On resilience: Nearly 95% of our business came to a halt at the peak of the pandemic. We were really flying just to bring New Zealanders back home, and running lifeline cargo services. But there’s a silver lining in that we rebuilt the airline in a way that focuses on three outcomes. One is continuing to be an airline our customers love, and be in the top three in the world when for customer satisfaction. Second is we want to be in the top quartile of best places to work in the region, so we can attract top talent and make it a place people want to work. And third, we’re ensuring we deliver fantastic returns for our shareholders, since an airline business typically tends to be a boom and bust business, and we want to be able to ride those waves in a very sustainable way financially from a shareholder return perspective. So from a digital standpoint, the rebuild focuses on digital dexterity. We’re starting to utilize our digital assets, not just to support the airline and our customers when everything is working right, but building the airline’s digital assets when challenges arise.

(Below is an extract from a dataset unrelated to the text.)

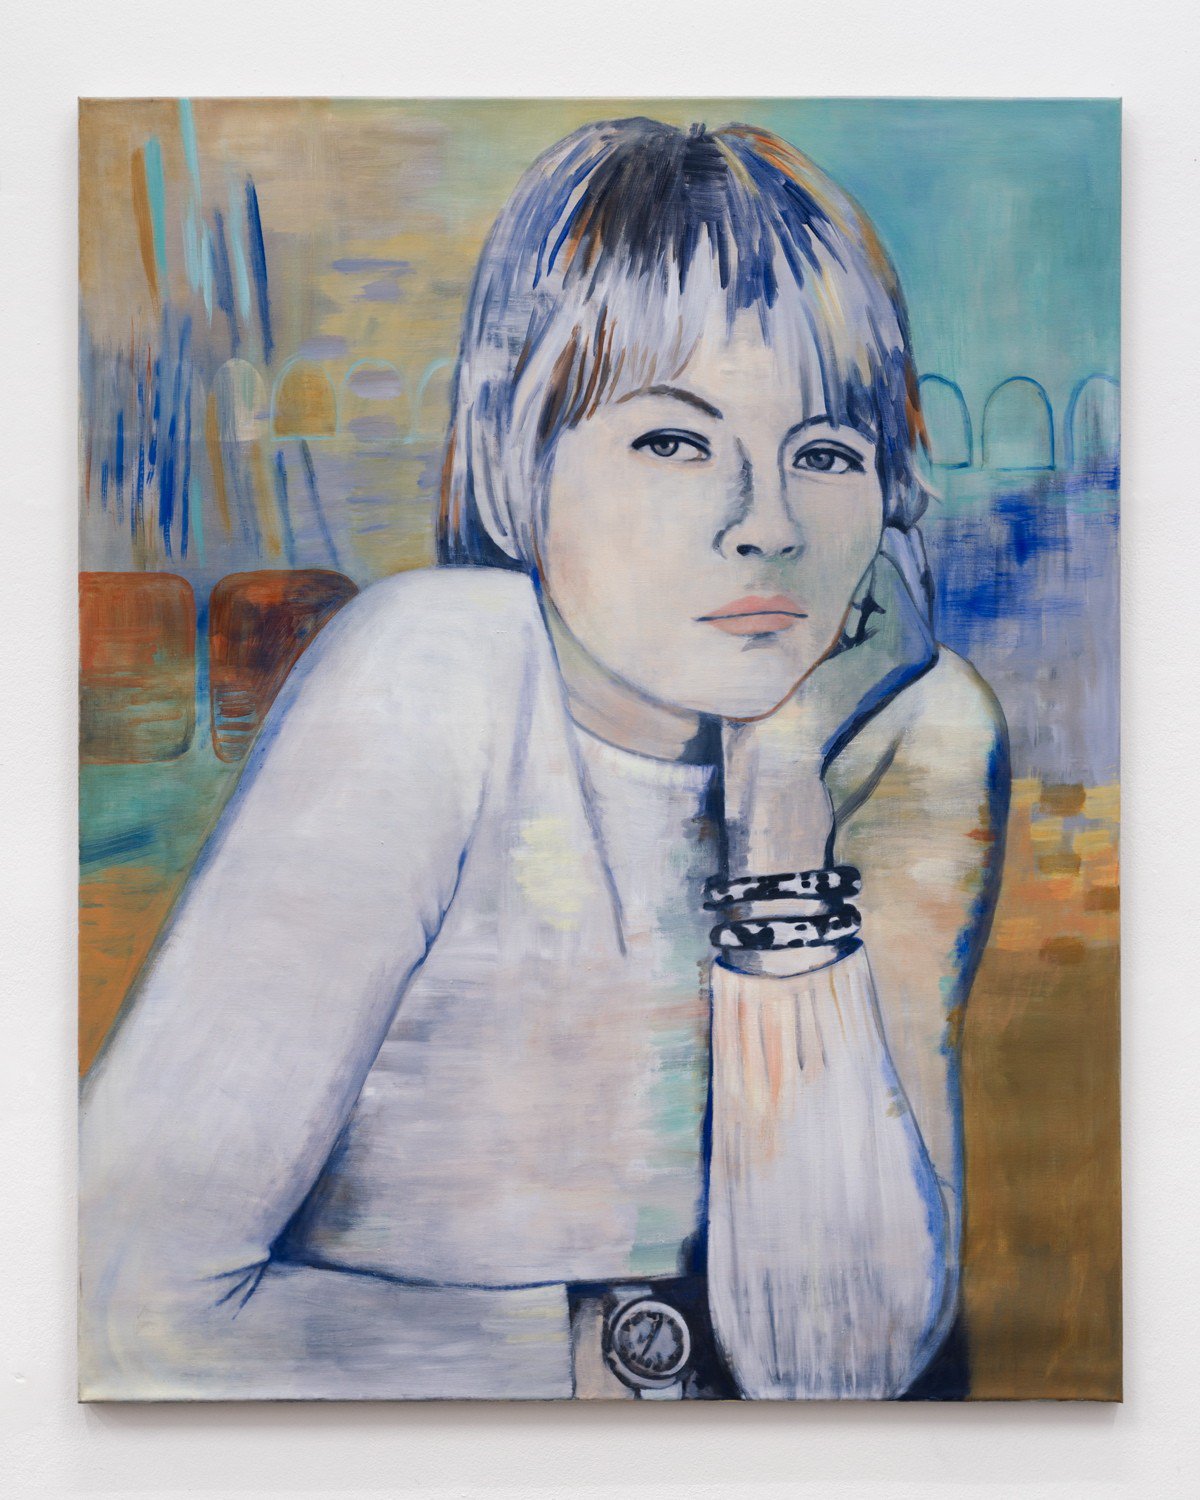 Birgit MegerleUntitled, 2015Oil on canvas150 x 120 cm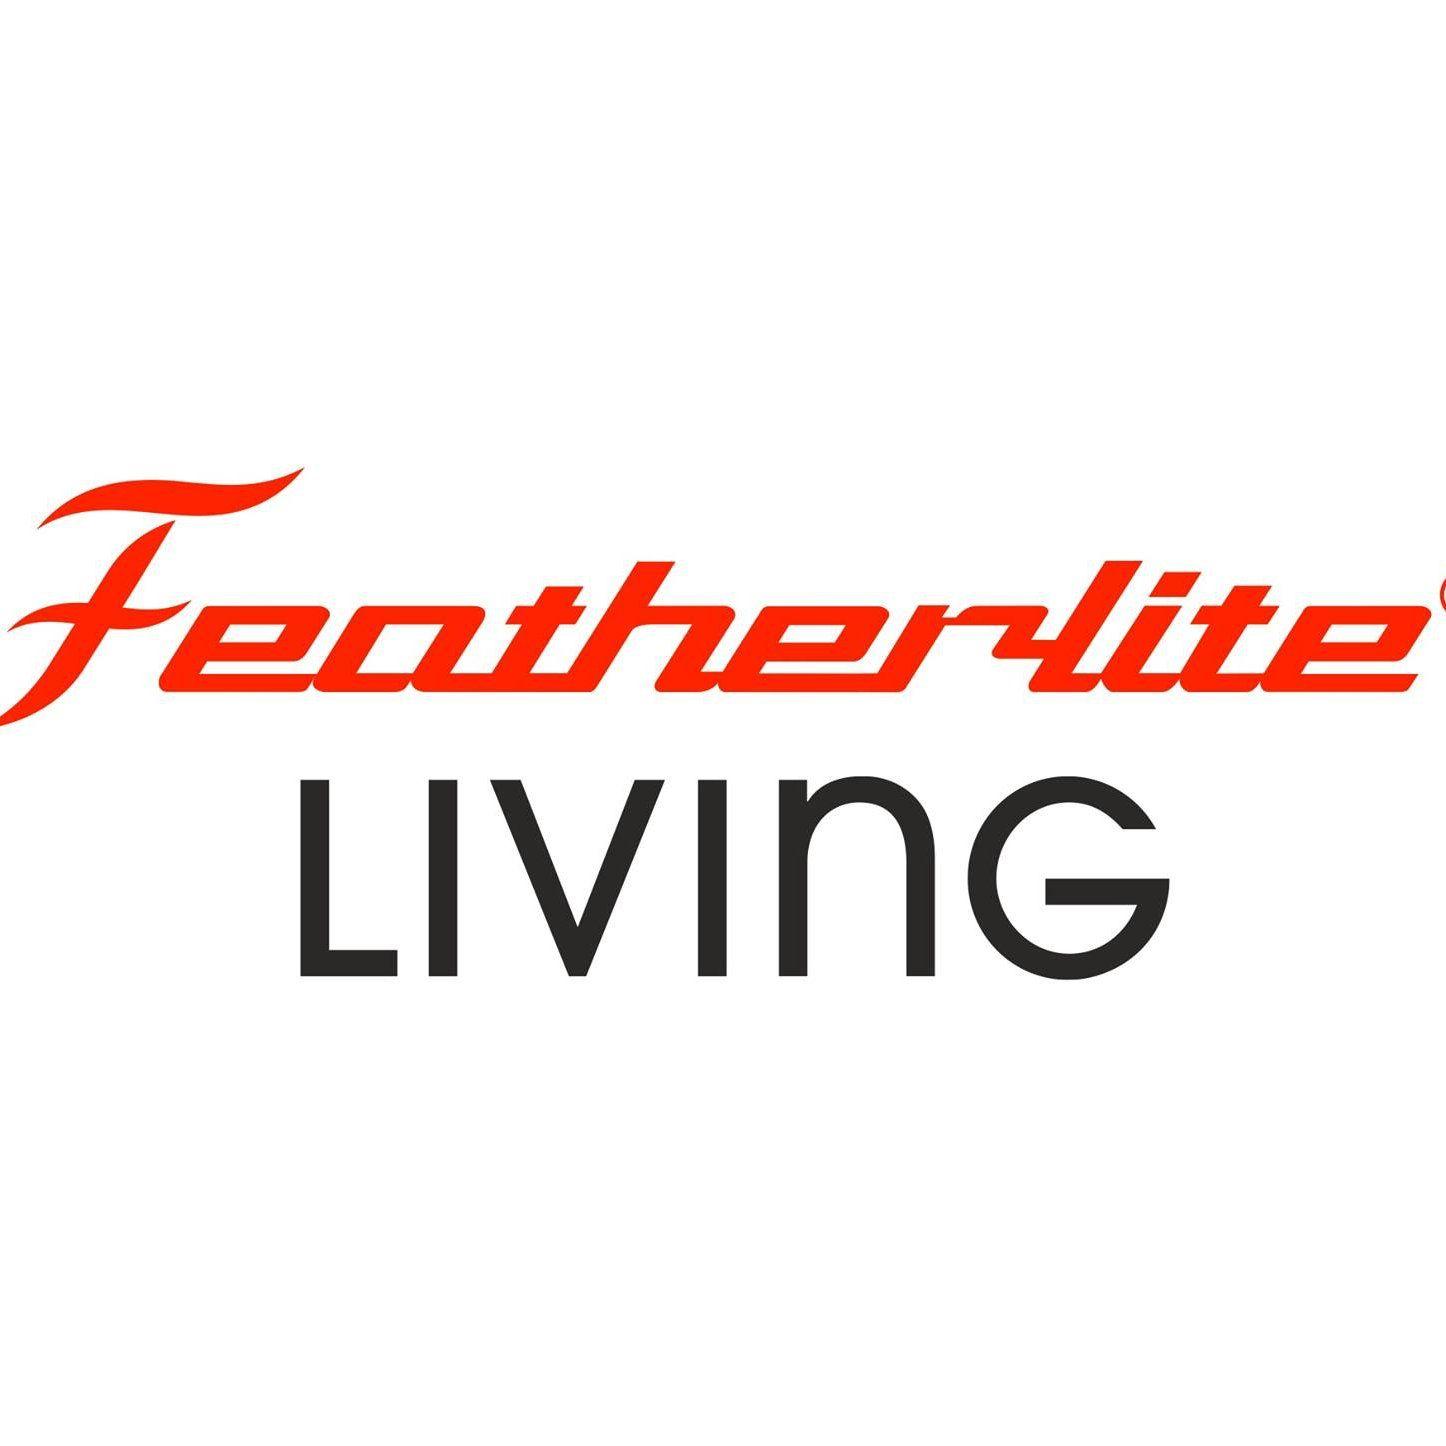 Featherlite Logo - Featherlite living

On legacy tech: We have our fair share of legacy technology, and the way we approach it is not just to focus on the technology itself, but take a step back and ask what the operating model of the entire airline needs to look like to help address the challenge and ensure we can tackle it head on. And the answer we got to is we can’t be an airline with a digital department. The CEO can’t bring in cutting edge technology while the rest of my colleagues focus on running the airline. We needed to acknowledge we were a digital business, and it needed to become a shared problem. And that’s what we’ve done. So digital now isn’t just mine, but the entire leadership squad’s responsibility. Included in that is all the trappings needed to modernize legacy technology alongside taking advantage of not just digital tech, but the rapidly maturing generation of exponential technology, AI, and so on. So we’re now playing a team sport. And that’s been an incredible shift. Everyone’s involved in modernizing legacy tech, making sure we’re running experiments at the other bookend, and everything in between.